Ooooooh I love MC's! I hope Storm's tail bushes out a bit more soon, and Benji's becomes nice and bushy too!


----------



## Petitepuppet (May 30, 2009)

That is a pretty impressive tail!


----------



## Misi (Jul 13, 2009)

Wow! That tail's even more spectacular than my cat Simba's, and his is pretty impressive!!


----------



## Taylorbaby (Jan 10, 2009)

aww gorgeous!! :laugh:


----------



## lymorelynn (Oct 4, 2008)

nattymariax said:


> Wolfie's tail just seems to have a mind of it's own, it might aswell be a whole other cat...it is rather impressive though


It is a rather amazing tail - and yes it does seem as if it is entirely independent of Wolfie


----------



## Guest (Jun 21, 2011)

That's amazing :lol:

WOW!!!!!!

xxxx


----------



## Paddypaws (May 4, 2010)

And this is the cat that some posters on here doubted was really an MC ( if my memory serves me right) 
Snigger.


----------



## nattymariax (Sep 1, 2010)

Paddypaws said:


> And this is the cat that some posters on here doubted was really an MC ( if my memory serves me right)
> Snigger.


Ohh yes I remember, someone said he looked more like a moggy...and I quote "by no means a showstopping Maine Coon" hahaha not sure why I remember that comment so clearly

Wolfie laughs in the face of his haters  hehe


----------



## Animal mad house (May 5, 2011)

What a gorgeous cat! I love his tail x


----------



## koekemakranka (Aug 2, 2010)

Lovely boy indeed. You must be very proud.:thumbup1:


----------



## Dally Banjo (Oct 22, 2009)

Fantastic  Tango's is starting to bush out at last to I just hope he does'nt end up with the same sort of pants Louie has :w00t:


----------



## nattymariax (Sep 1, 2010)

Dally Banjo said:


> Fantastic  Tango's is starting to bush out at last to I just hope he does'nt end up with the same sort of pants Louie has :w00t:


Hahahaha Louie's pants are amazing...Wolfie's look like they are getting there,we keep having to brush them because they get all scruffy and full of twigs!


----------



## Dally Banjo (Oct 22, 2009)

nattymariax said:


> Hahahaha Louie's pants are amazing...Wolfie's look like they are getting there,we keep having to brush them because they get all scruffy and full of twigs!
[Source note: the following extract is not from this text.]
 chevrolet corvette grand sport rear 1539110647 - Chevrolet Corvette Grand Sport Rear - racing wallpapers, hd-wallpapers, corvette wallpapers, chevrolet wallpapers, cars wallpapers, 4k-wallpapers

Louie used to hide slugs in his :w00t: :arf::arf::arf: thankfully he has grown out of that habbit :lol:


----------



## coral. (May 11, 2011)

awwwwww adorable!
beautiful bushy tale!
x


----------



## cazcatz (Jun 14, 2011)

Wow that is SOME tail!!!! Amazing!! He's gorgeous :w00t:


----------



## Dante (Feb 21, 2011)

Lol, I've only just seen this - No wonder he needs a lie down lugging that thing around with him all day!

Brilliant picture - And I love the entire shrubs in tail comment, picturing that put a huge smile on my face :lol:


----------



## ChinaBlue (Feb 3, 2008)

Pretty amazin' tails on both cats


----------